Sit with what that means, because it relocates the entire problem. Alignment is not, at bottom, a property of the machine. It is a property of what the people pointing the machine want from it. The designer’s objective — accuracy, compliance, whatever the engineers write down — matters far less than the preference of the population being judged. Maggie put it in a sentence I have not been able to shake since: AI alignment isn’t really about AI. It is about what we want from AI.
And here is the part that should keep you up. When the machine misbehaves — when it flatters, when it tells you what you want to hear, when it rewards the wrong people — the misalignment is very often not in the machine. It is in us. A faithful optimizer pointed at a population that would rather pass than know will learn, correctly, to let them pass. The sycophant is not broken. It is aligned, to a preference we would rather not admit we hold. (Ed: speak for yourself. I always want the truth. I am a delight at parties.) I wrote a while ago about why the thing that might take your job is so nice to you, and offered a few reasons. This is the deepest one. It is not that the model wants to deceive us. It is that, often enough, we would rather be told we passed than told the truth — and the machine is only handing us what we asked for.
An old move on a new machine
There is a name for the move Maggie was making, and it is older than any machine. You take a problem that looks hopeless in full generality, and instead of rebuilding the procedure, you ask what has to be true about people’s preferences for the procedure to behave. A domain restriction. It is the move Ken-Ichi Inada made on majority rule in the 1960s — and of all the people I have been reading on this trip, his is the work that sits closest to what Maggie and I are actually up to. Restrict the preferences the right way, and the pathology lifts. It is an old habit of ours,2 and watching her turn it on a language model felt less like a leap than like the next case.

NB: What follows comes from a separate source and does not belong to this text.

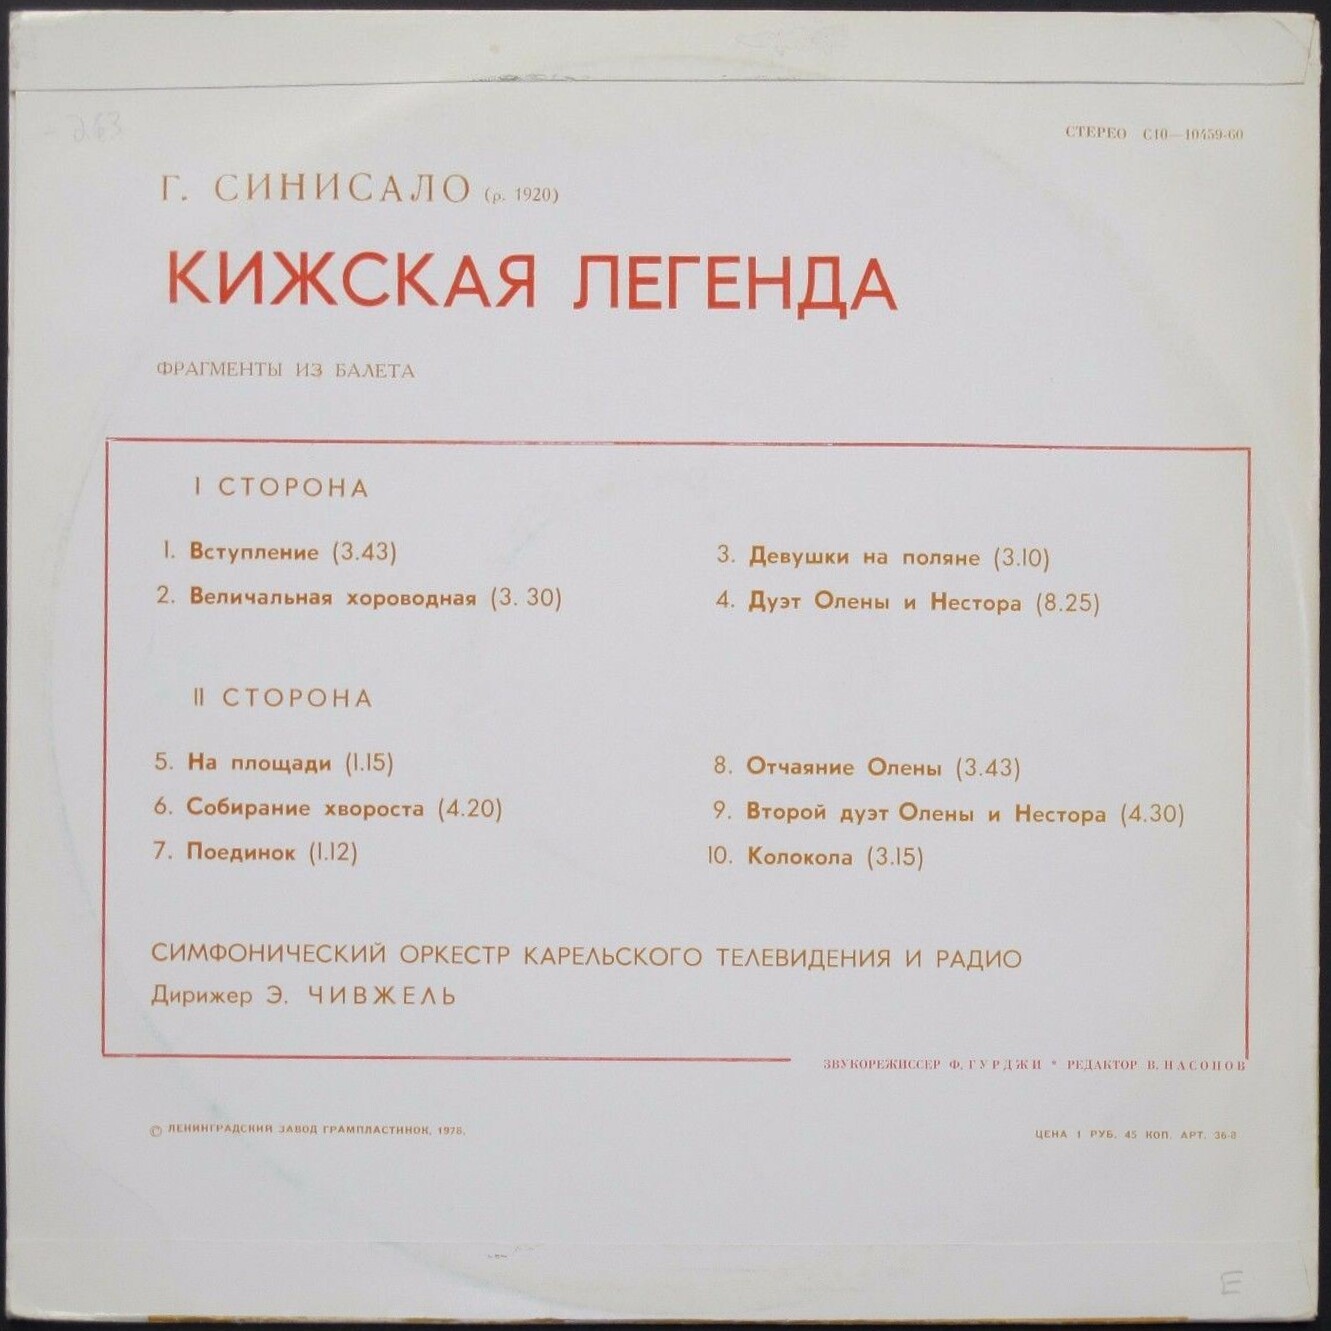 Г. СИНИСАЛО (1920). "Кижская легенда", фрагменты из балета
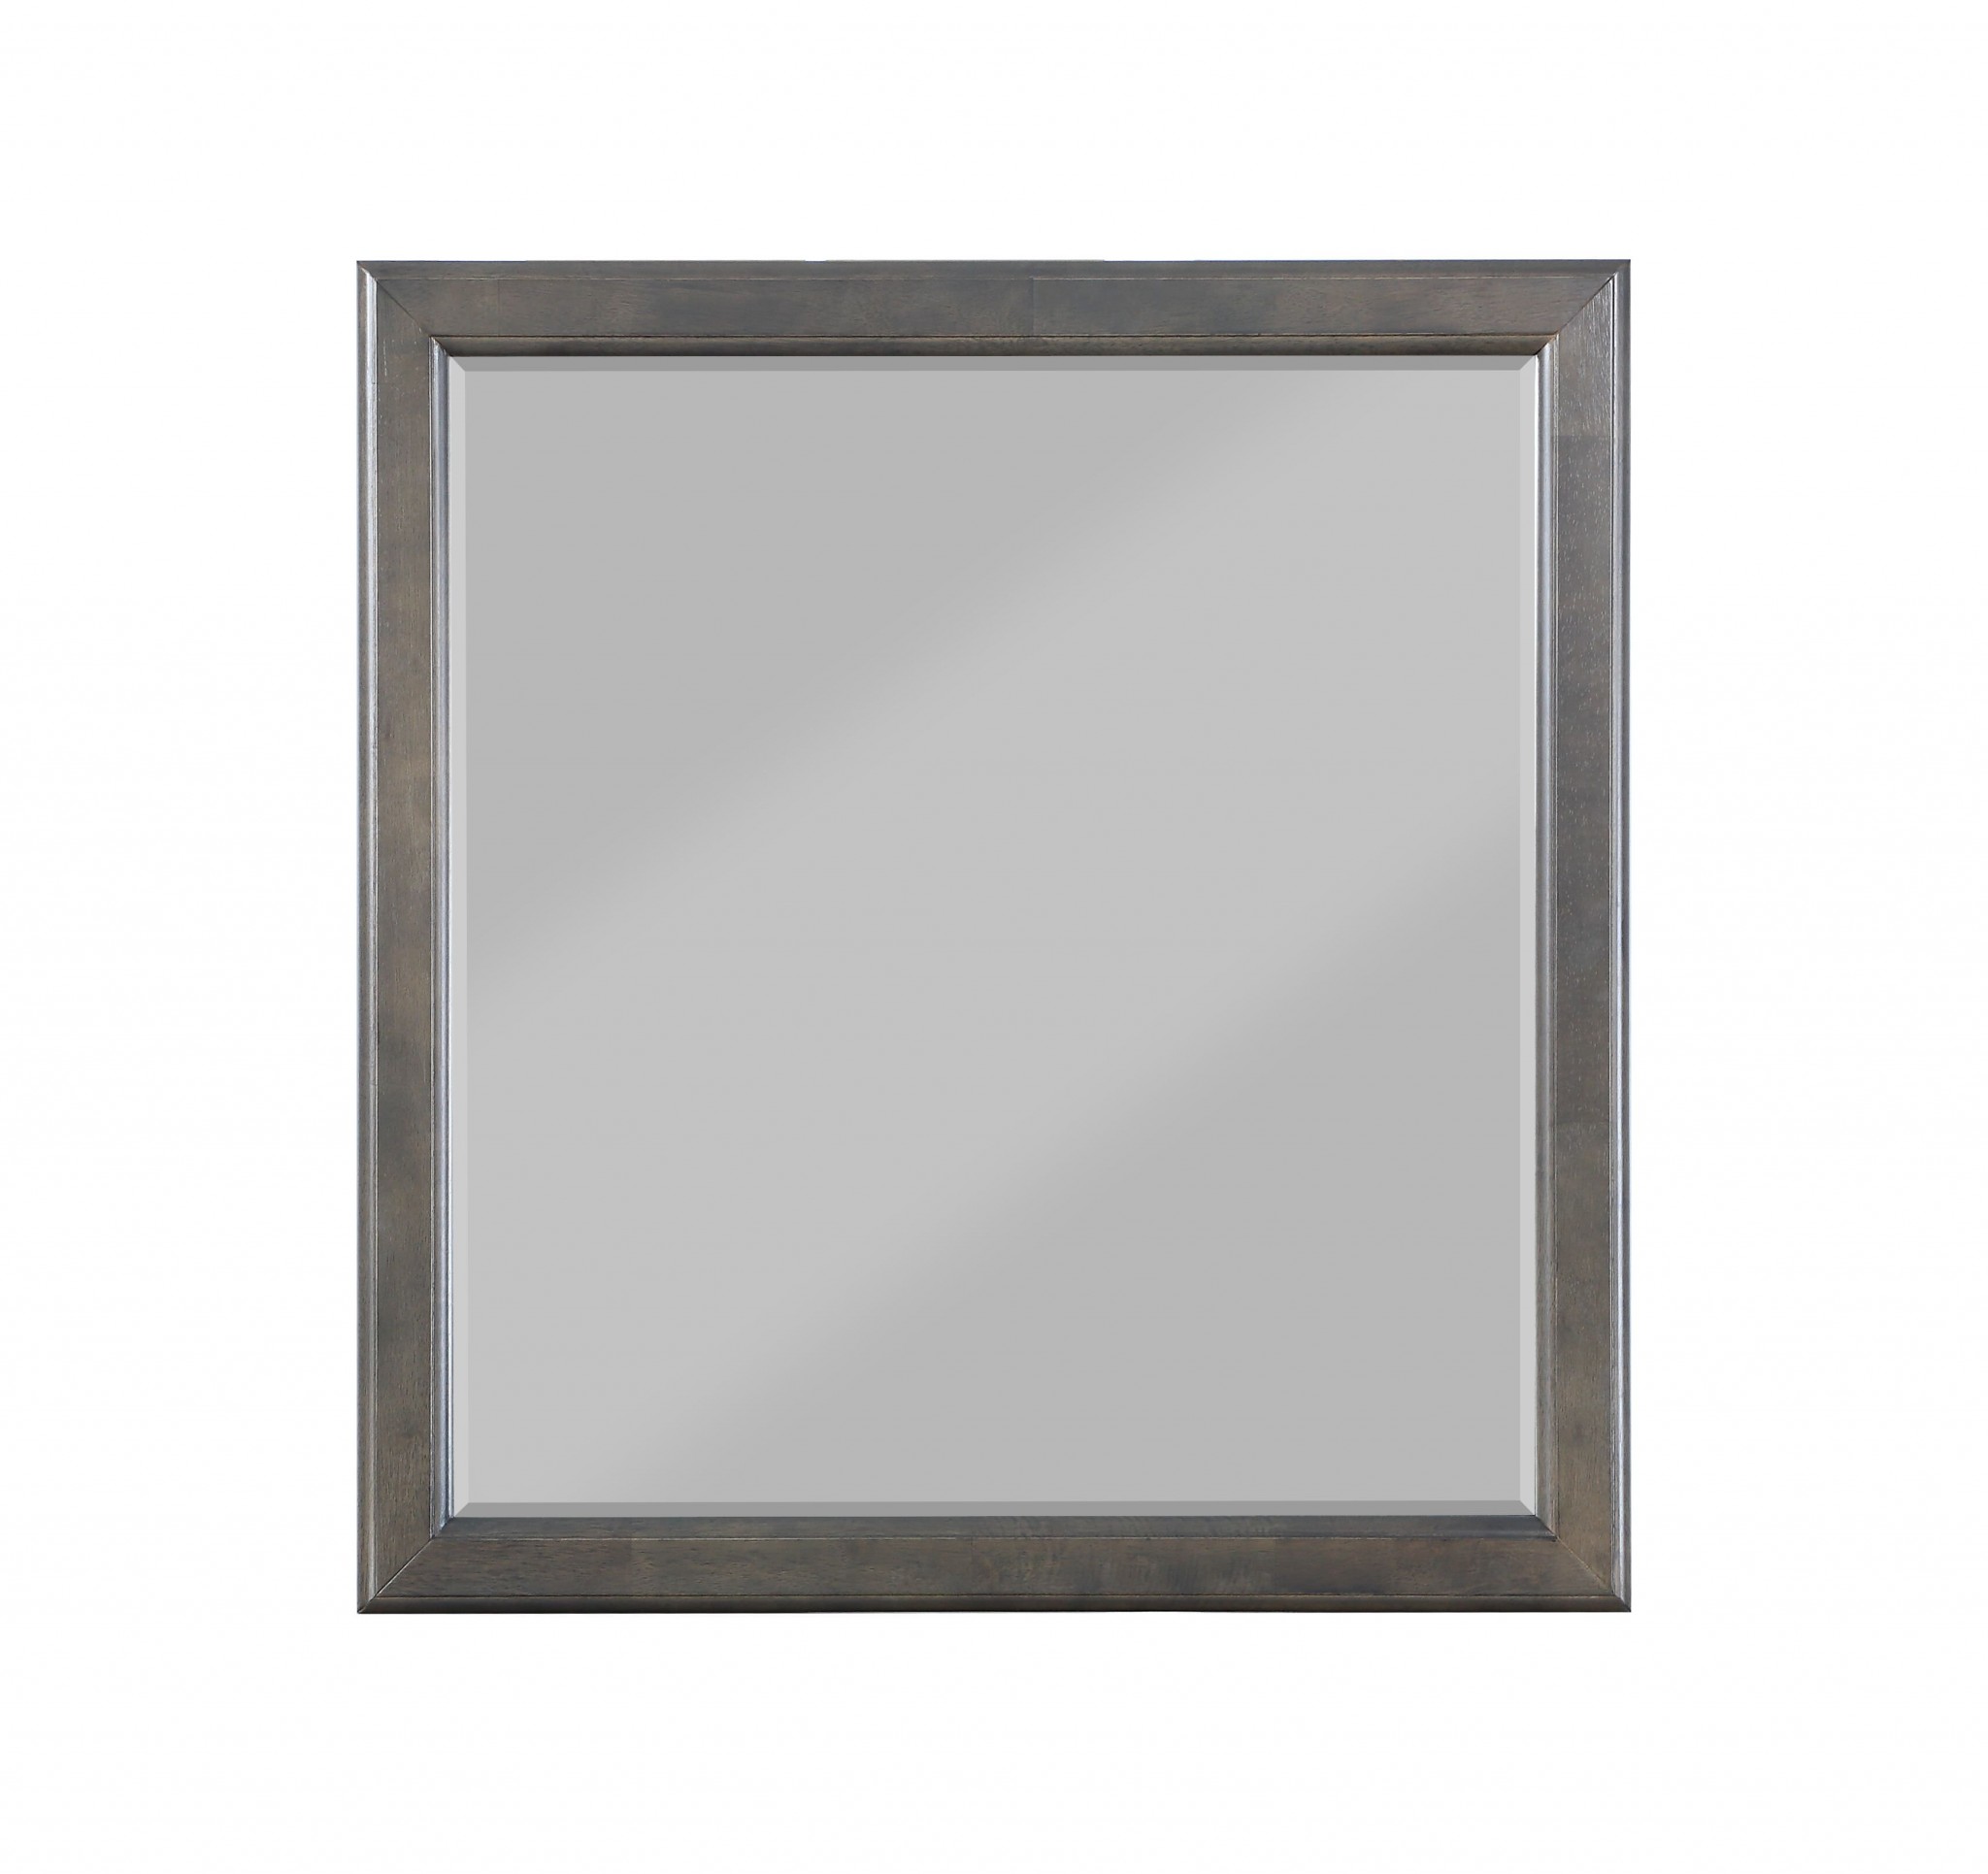 36" X 1" X 38" Dark Gray Wood Mirror

What stays with me is how old the decisive idea turns out to be — that you understand a system by understanding what the people inside it want. It is older than the transistor, and it is still the sharpest thing anyone has said about artificial intelligence. The machine was never the mystery. We are. Maggie has the proof. I just had the good seat.
With that, I leave you with this.
Notes
1 I am gliding over a real subtlety, which Maggie did not. Even when the direction of incentives lines up, the institution and the public can still want different thresholds: the institution, not paying the costs people pay to comply, tends to demand more compliance than is actually good for them. Orientation is where alignment comes cheap. The exact cutoff is another matter, and a less comfortable one.
2 With Sean Gailmard we have argued that single-peaked preferences do not defang the Gibbard–Satterthwaite theorem the way the folklore assumes: even when the policy space is one-dimensional, the incentive to misrepresent stays endemic [Elizabeth Maggie Penn, John W. Patty, and Sean Gailmard, “Manipulation and Single-Peakedness: A General Result,” American Journal of Political Science 55(2), 2011, 436–449]. The three of us also showed that on that same single-peaked domain, weak Pareto and independence of irrelevant alternatives force a rule to be neutral — so that bicameralism, supermajority quotas, vetoes, and gatekeeping all sit outside it [Sean Gailmard, John W. Patty, and Elizabeth Maggie Penn, “Arrow’s Theorem on Single-Peaked Preference Domains,” in Enriqueta Aragones, Carmen Bevia, Humberto Llavador, and Norman Schofield, eds., The Political Economy of Democracy, Bilbao: BBVA Foundation, 2009]. Asking what people want, instead of rebuilding the rule, is an old habit for us.